A faithful copy without images is required: write out all the records exactly.

[Source data]:
+--

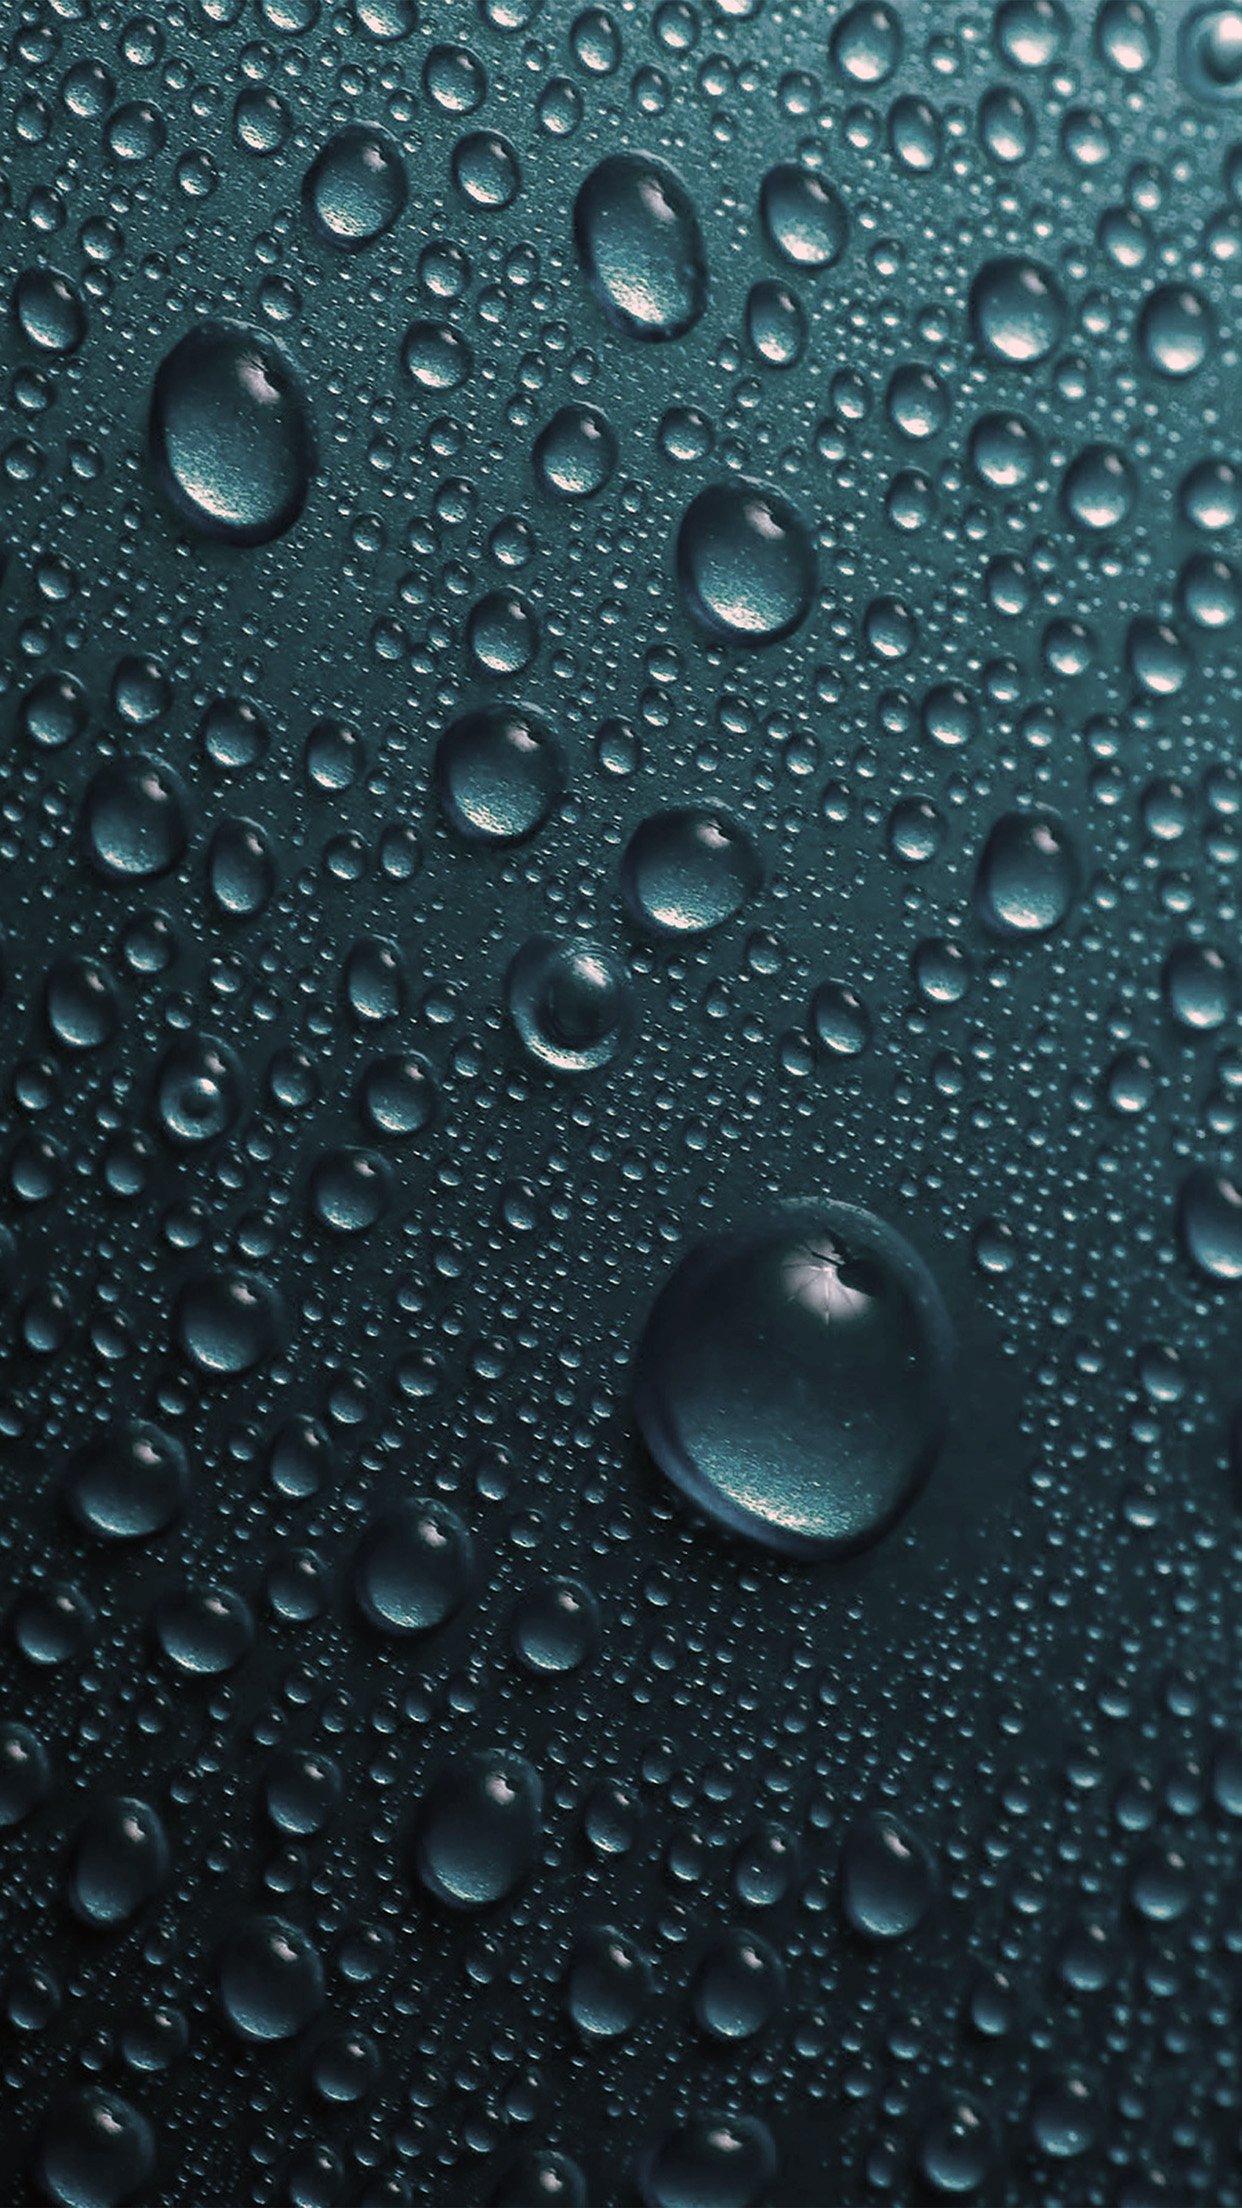 iPhone7 wallpaper. rain drop blue water
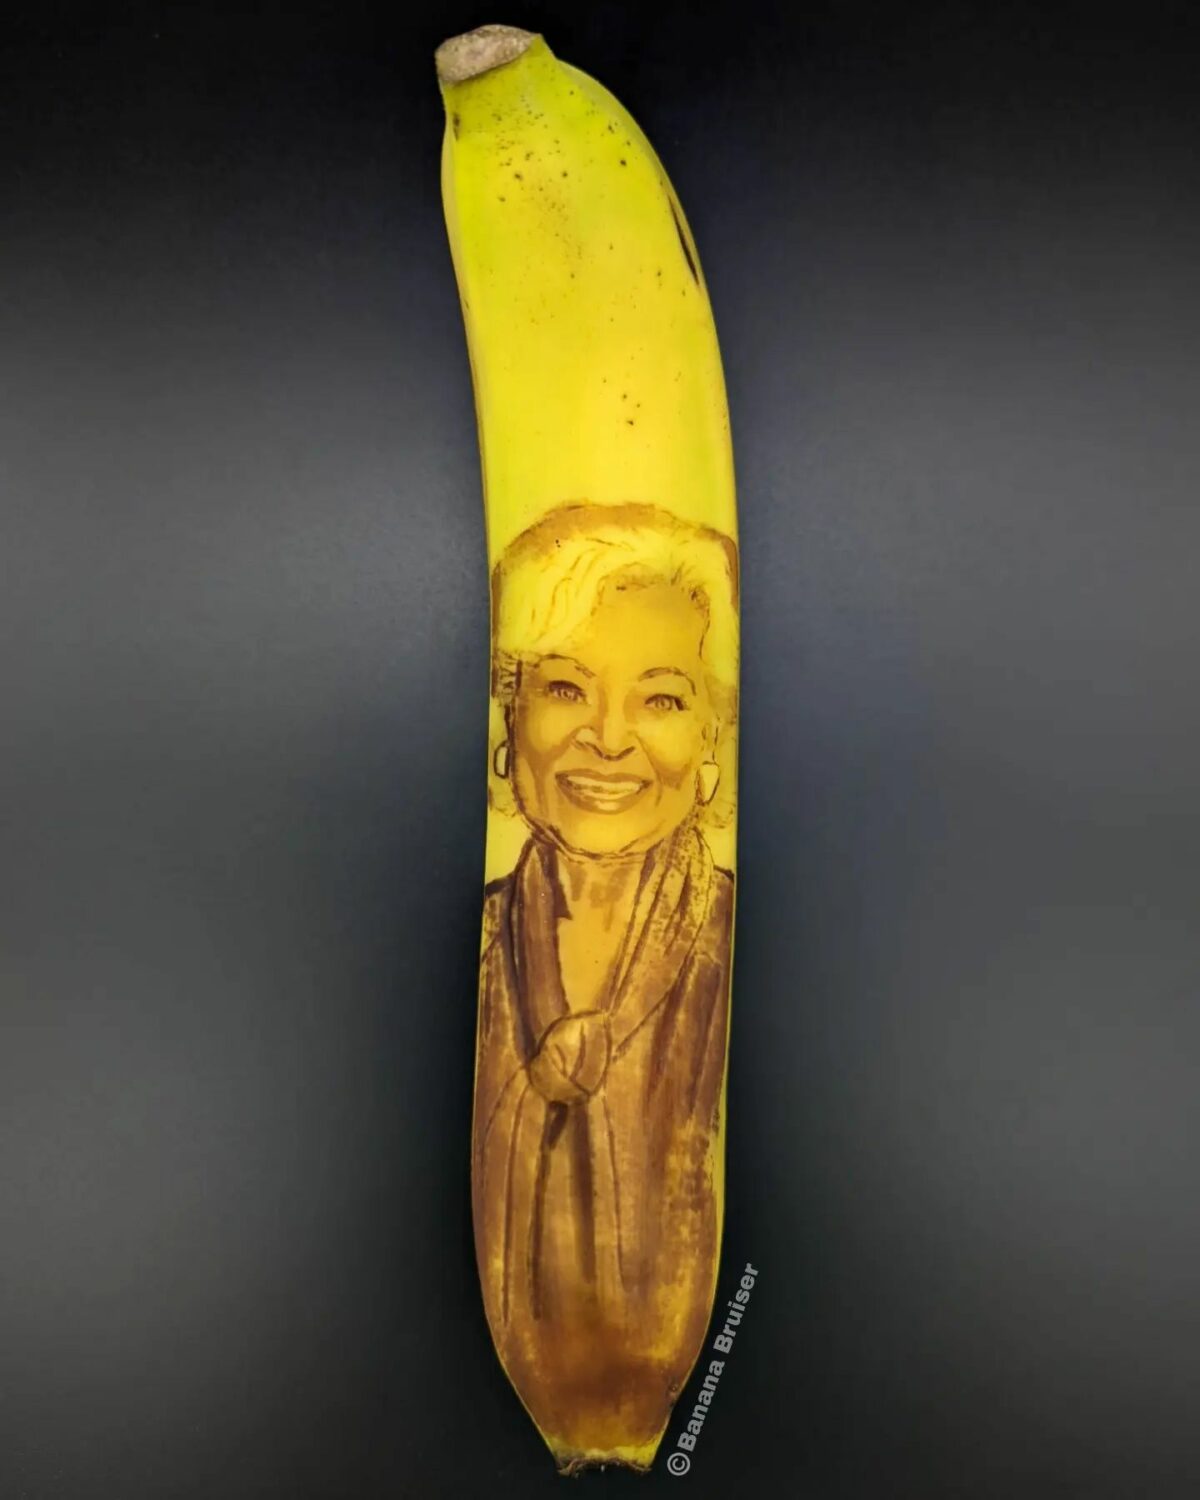 The Bruised Banana Art Of Anna Chojnicka 8
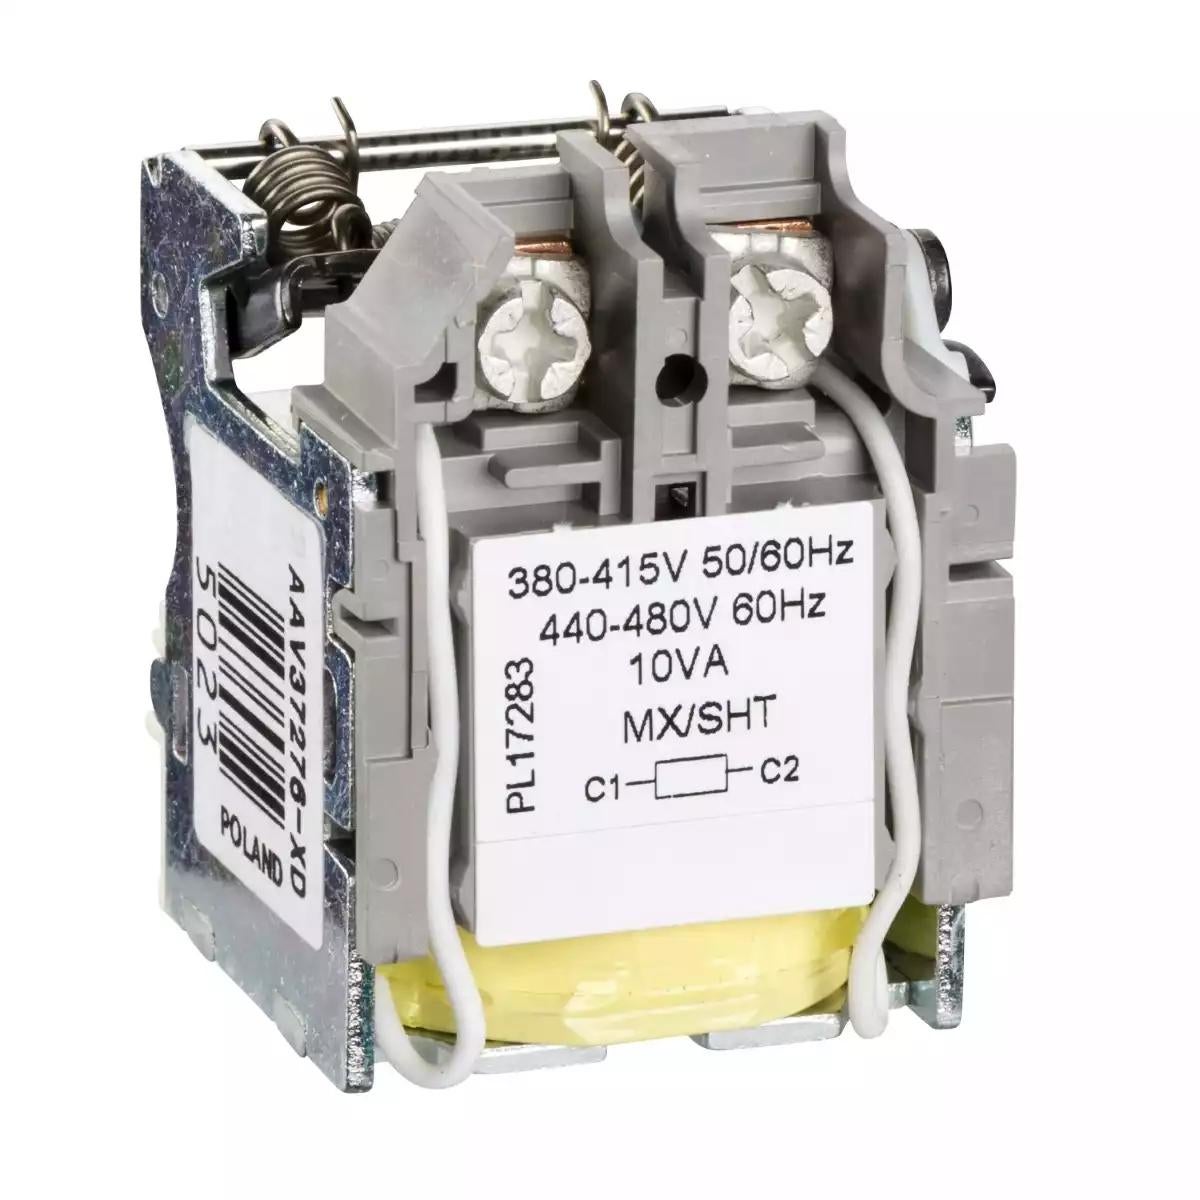 Schneider Electric Compact NSX <630 shunt trip voltage release MX - 440..480V 60Hz, 380..415V 50/60Hz
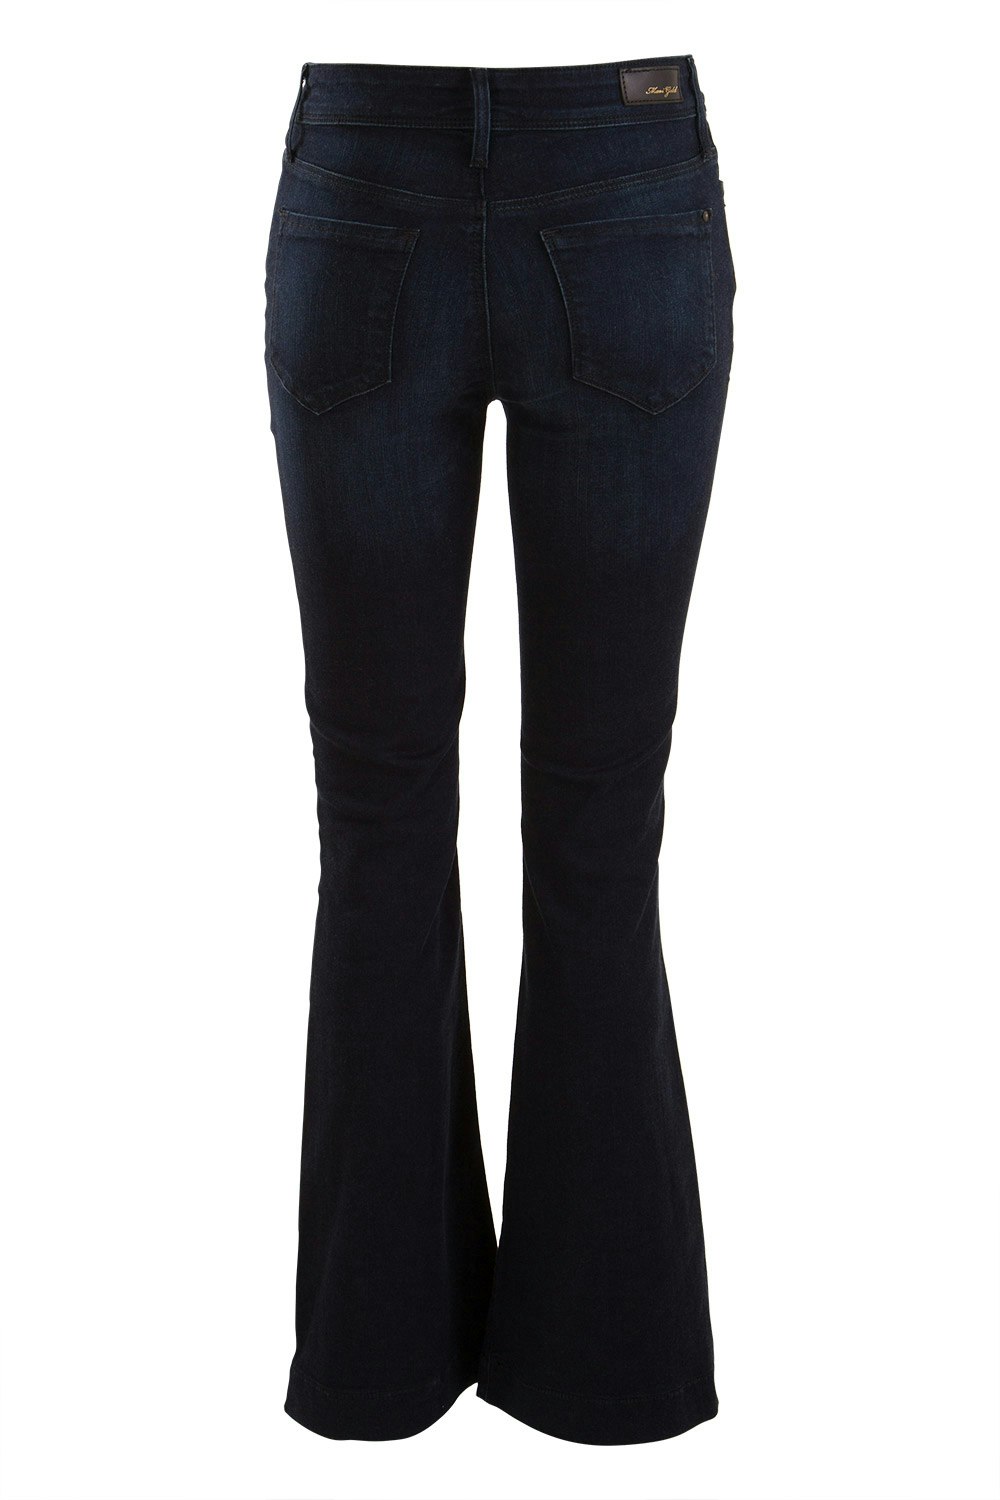 Mavi jeans Sheena High Rise Flare - Womens Flared Jeans - Birdsnest ...
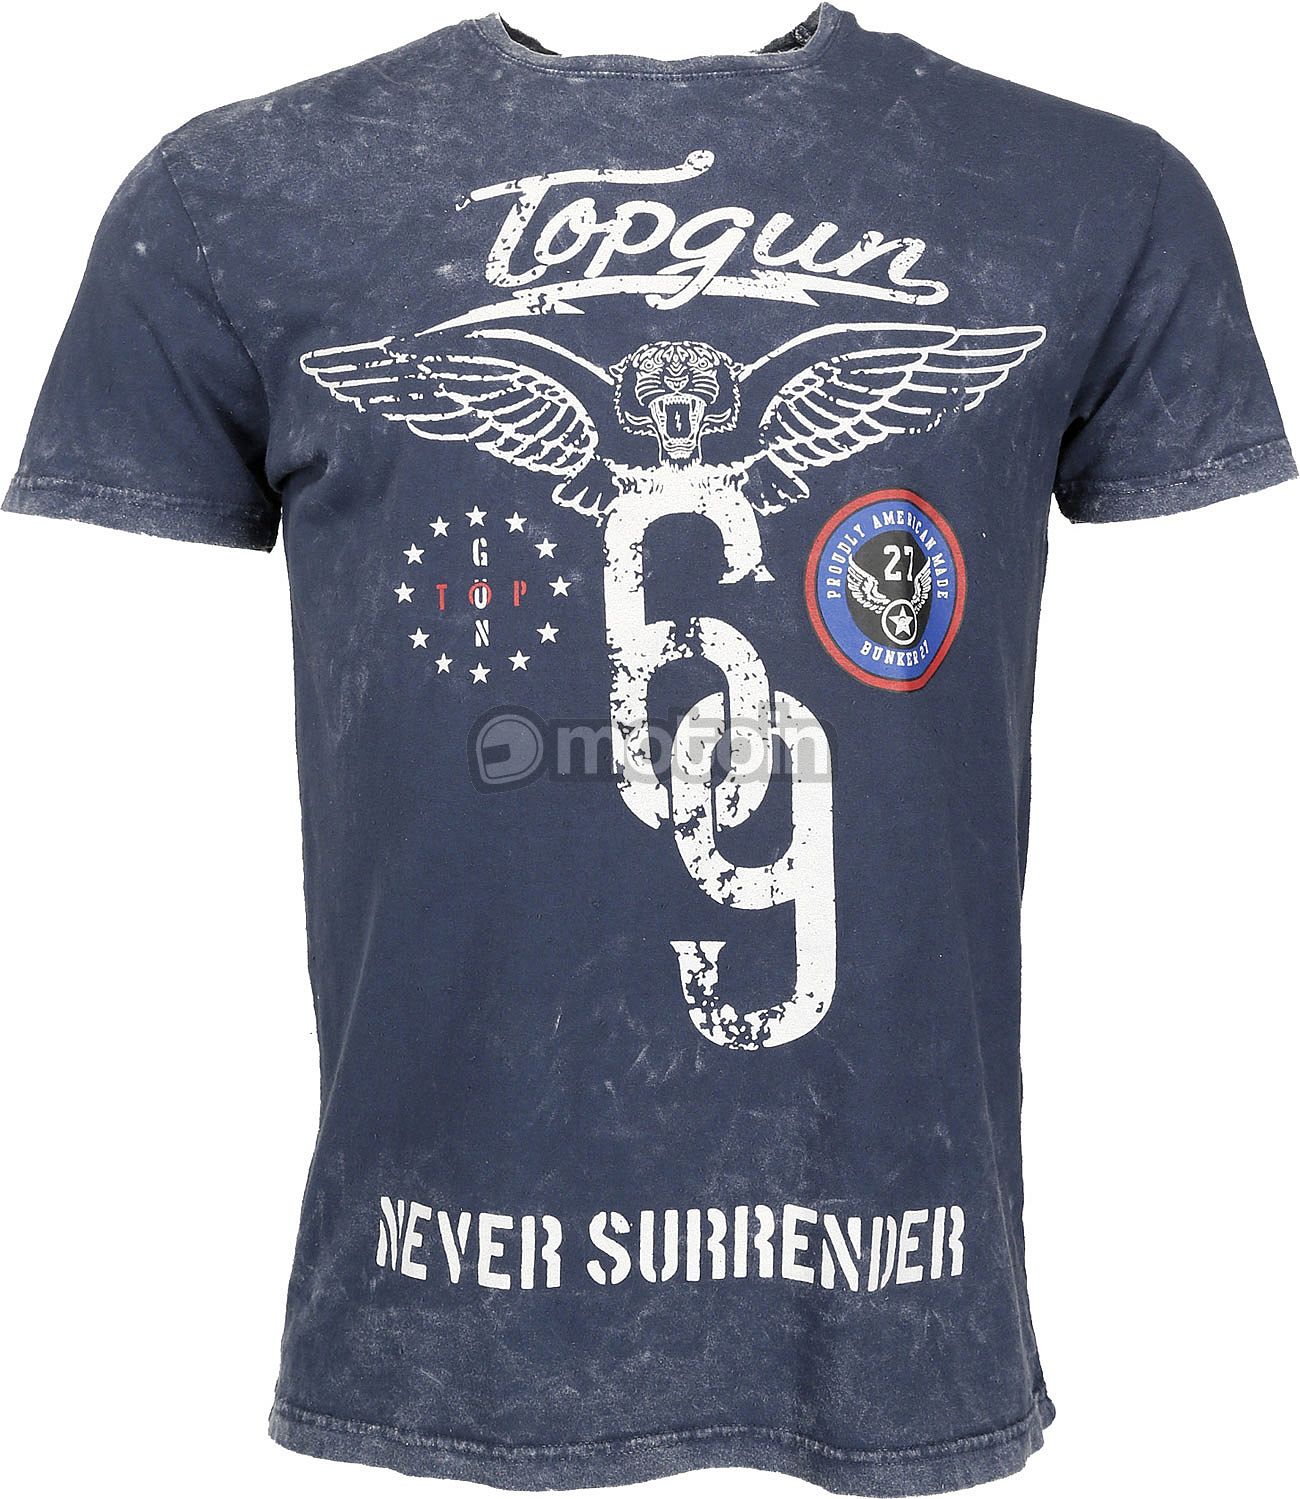 Top Gun Flags, camiseta

+--

[FINISHED EXERCISE]:
 iPhone7 wallpaper. rain drop blue water
 The Bruised Banana Art Of Anna Chojnicka 8
 Schneider Electric Compact NSX <630 shunt trip voltage release MX - 440..480V 60Hz, 380..415V 50/60Hz
 Mavi jeans Sheena High Rise Flare - Womens Flared Jeans - Birdsnest ...
 Top Gun Flags, camiseta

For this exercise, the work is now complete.